Lauren Groff’s fiction has appeared in journals including The Atlantic Monthly and Ploughshares and the most recent editions of the Best American Short Stories, Best New American Voices, and the Pushcart Prize anthologies. Her first novel, The Monsters of Templeton, will be out in February.
This year I fell in love with the New York Review of Books Classics series, which reissues books that are either out-of-print or wildly underappreciated. Among the best were Elaine Dundy’s The Dud Avocado, John Williams’s Stoner, and Tatyana Tolstaya’s White Walls and The Slynx – a Gogol-esque dystopian tale. But the absolute sockdolager was Mavis Gallant’s Paris Stories, which I read slowly and breathlessly – and when I finished I was furious that nobody had ever told me about Gallant and all her staggering talent before now.

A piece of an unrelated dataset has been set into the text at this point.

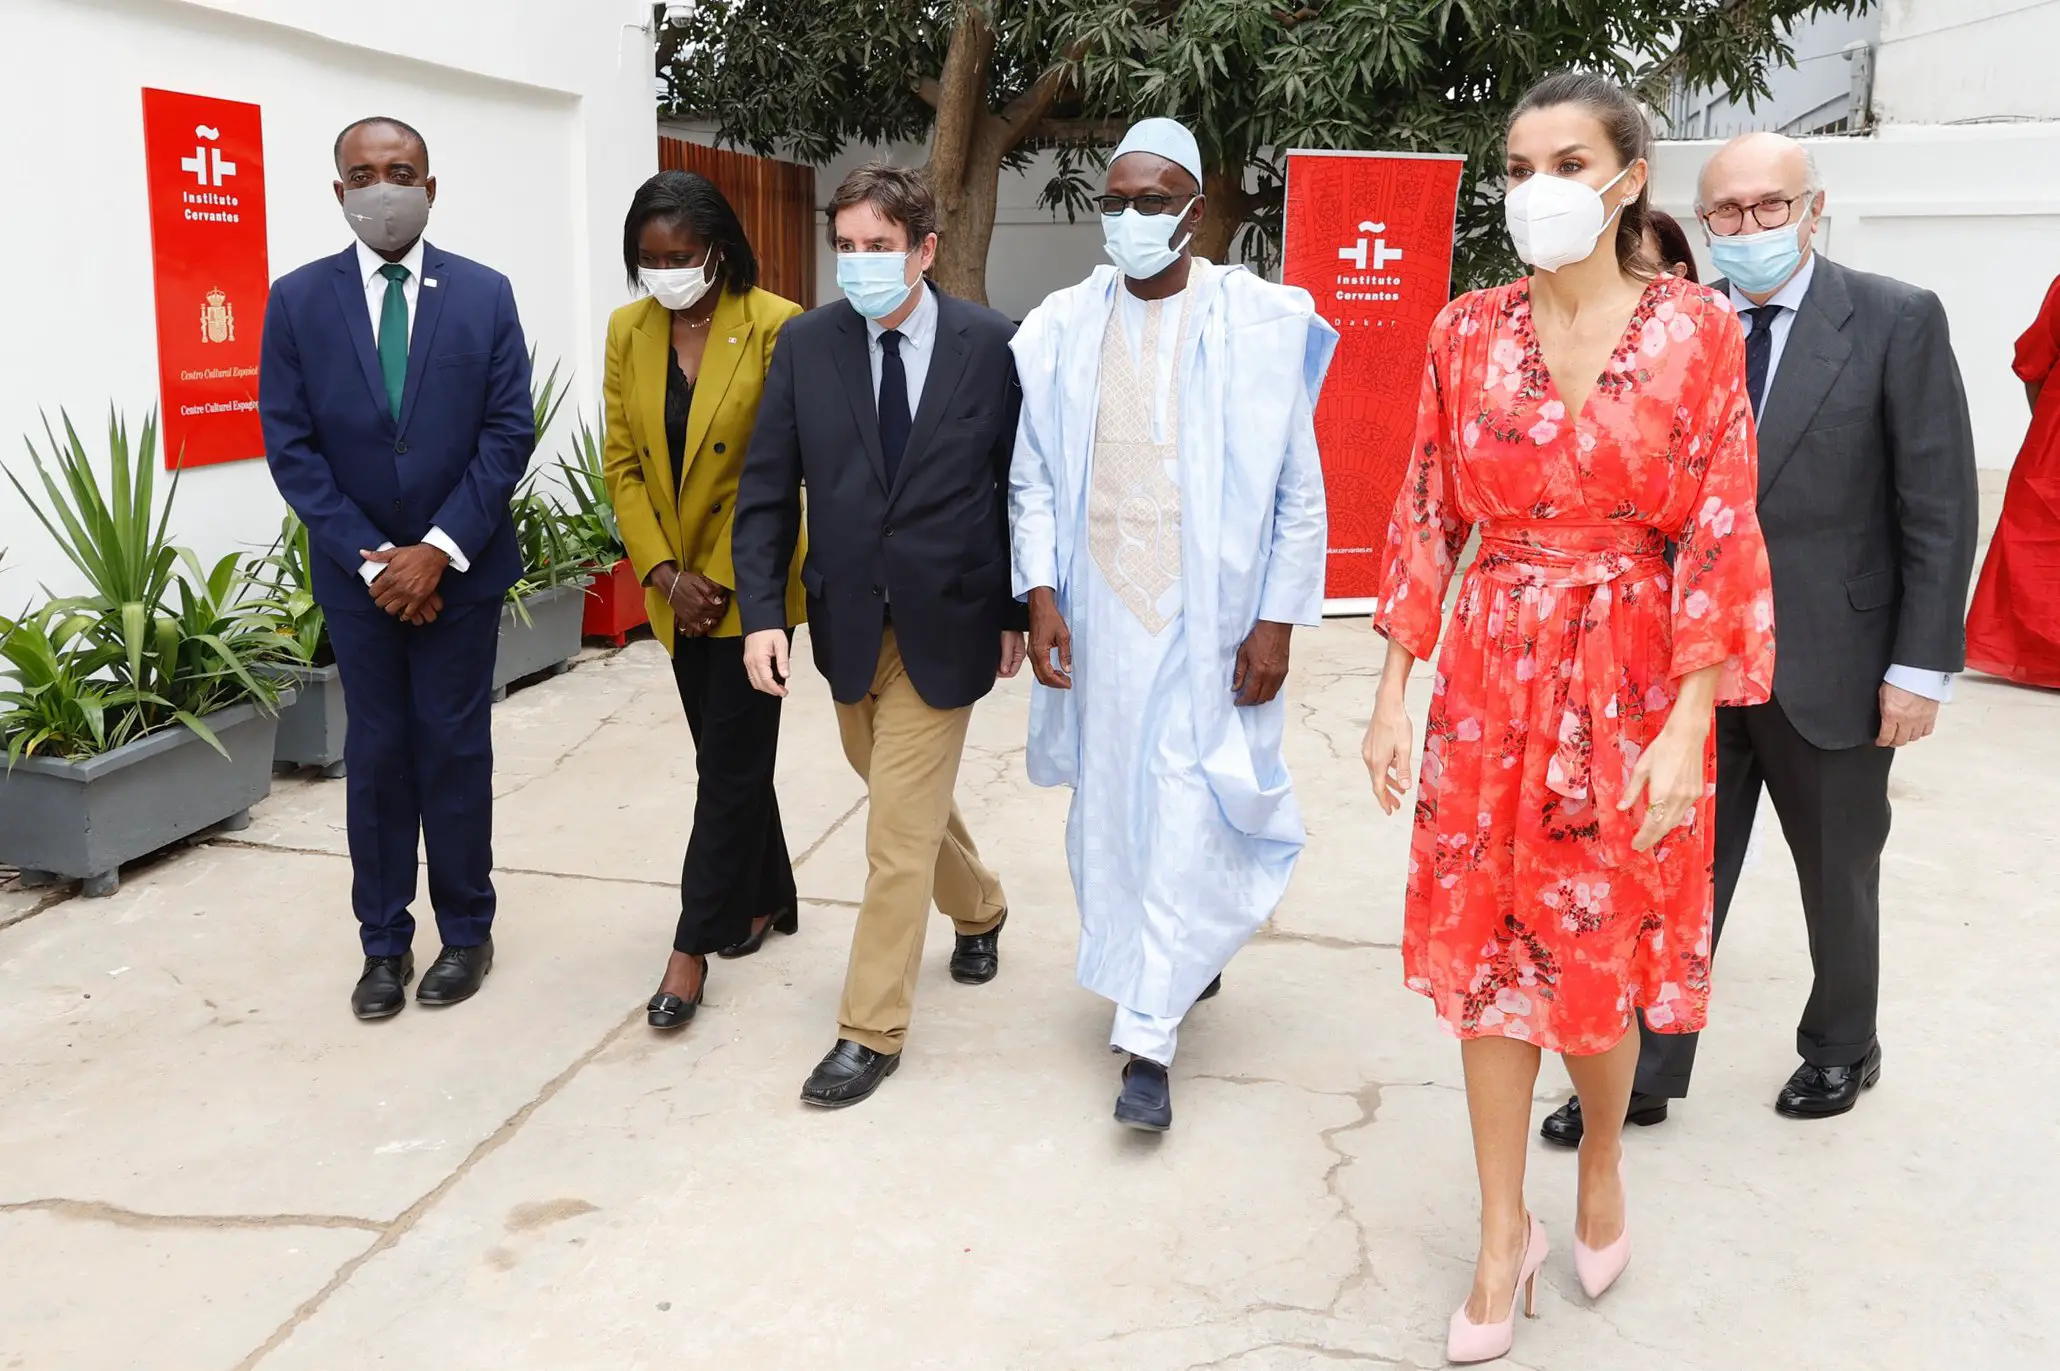 Queen Letizia opened Cervantes Institute in Senegal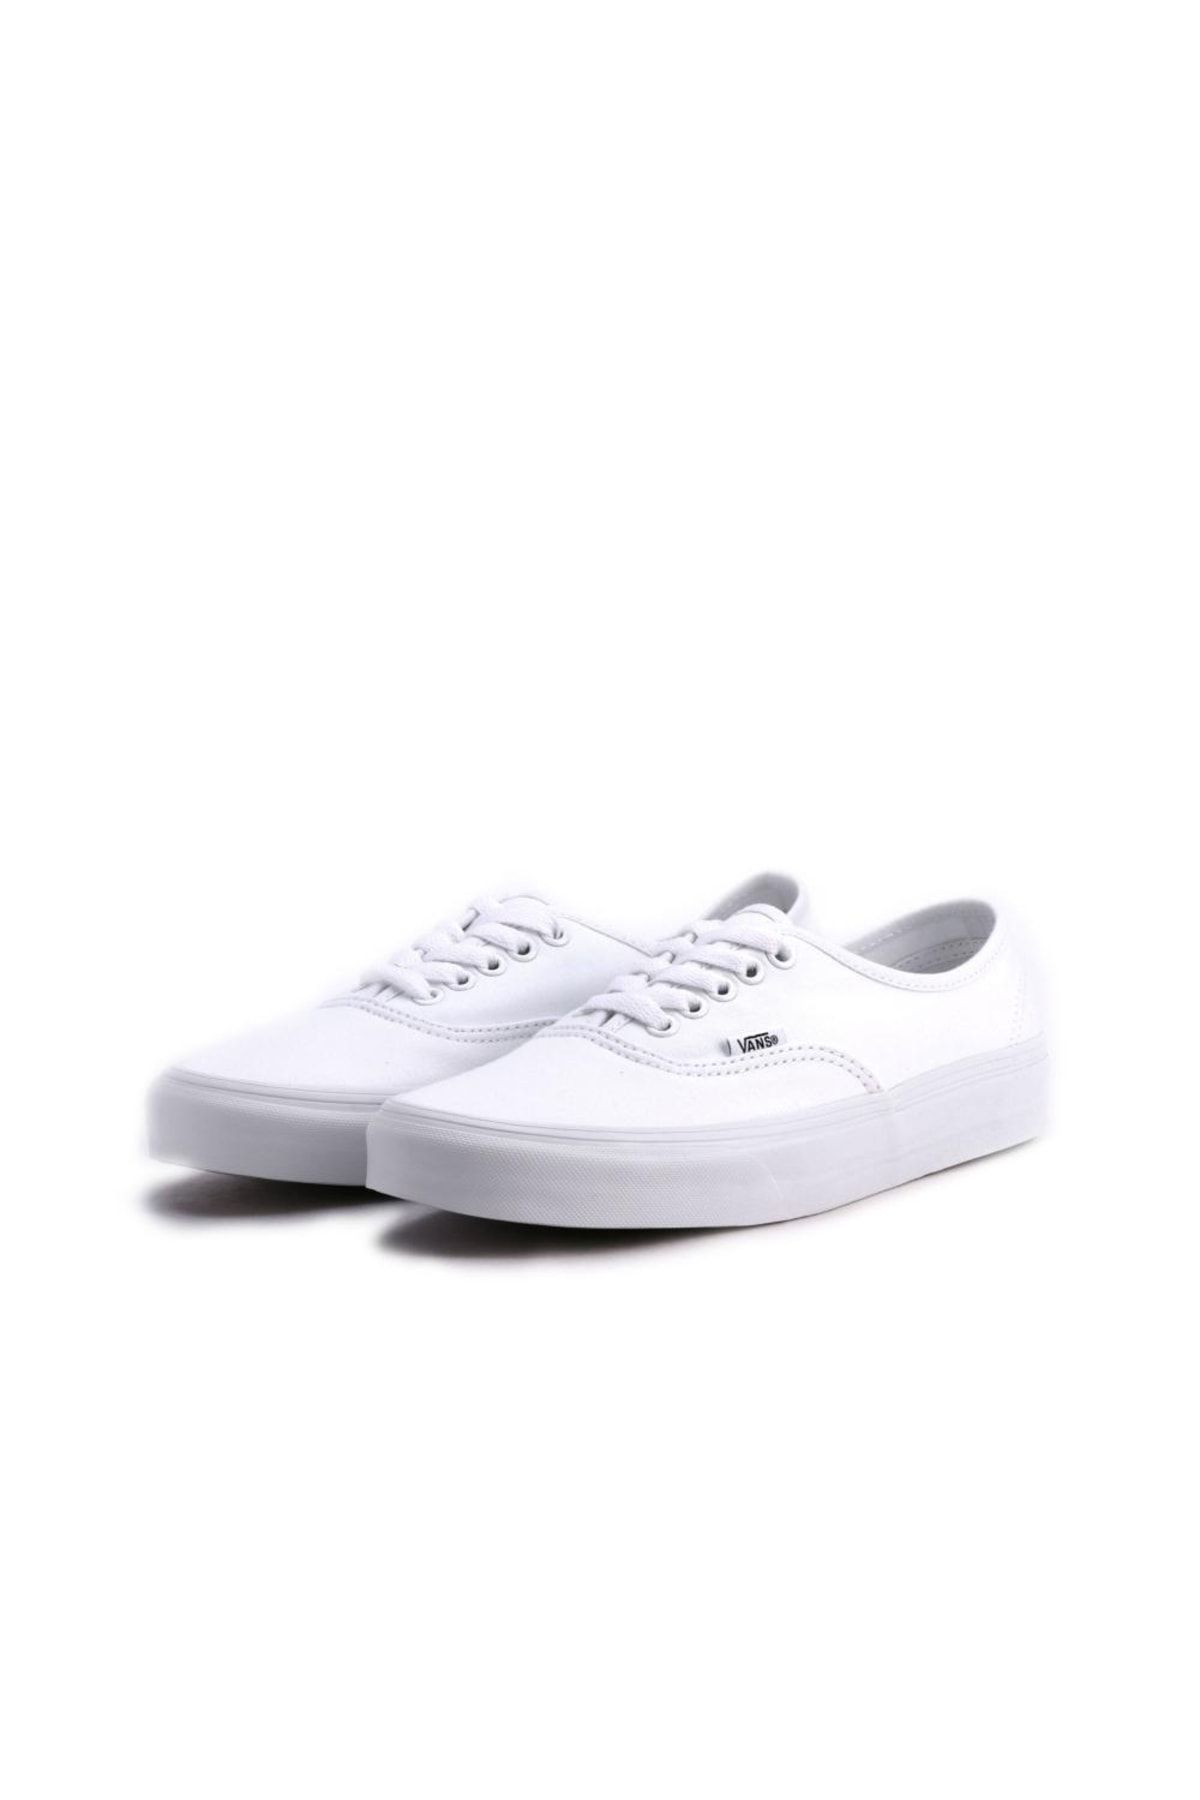 Vans Authentic Beyaz Unisex Sneaker Ayakkabı 100384777

From other sources, I loved Henry Roth’s Call it Sleep – electrifying, human – as well as Junot Diaz’s The The Brief Wondrous Life of Oscar Wao, Joan Didion’s Slouching Towards Bethlehem, The Triumph of Love by Geoffrey Hill, and Shirley Hazzard’s The Transit of Venus. On a long car trip, I listened to an audiobook of Huckleberry Finn – the reader’s voice was the opposite of my internal reading voice, and it became a whole new book to me, layered atop the old book I knew so well.
Also, because I moved full-time to Florida, my father-in-law lent me a copy of this strange old essay collection called Southern Ladies and Gentlemen by Florence King, which is supposed to explain/lampoon the south to northerners (the cover: a tiny blonde in a Confederate flag with a mint julep in hand). Yikes. It’s cringe-inducing, but makes me laugh, and I often find myself reading it when I should probably be reading other things.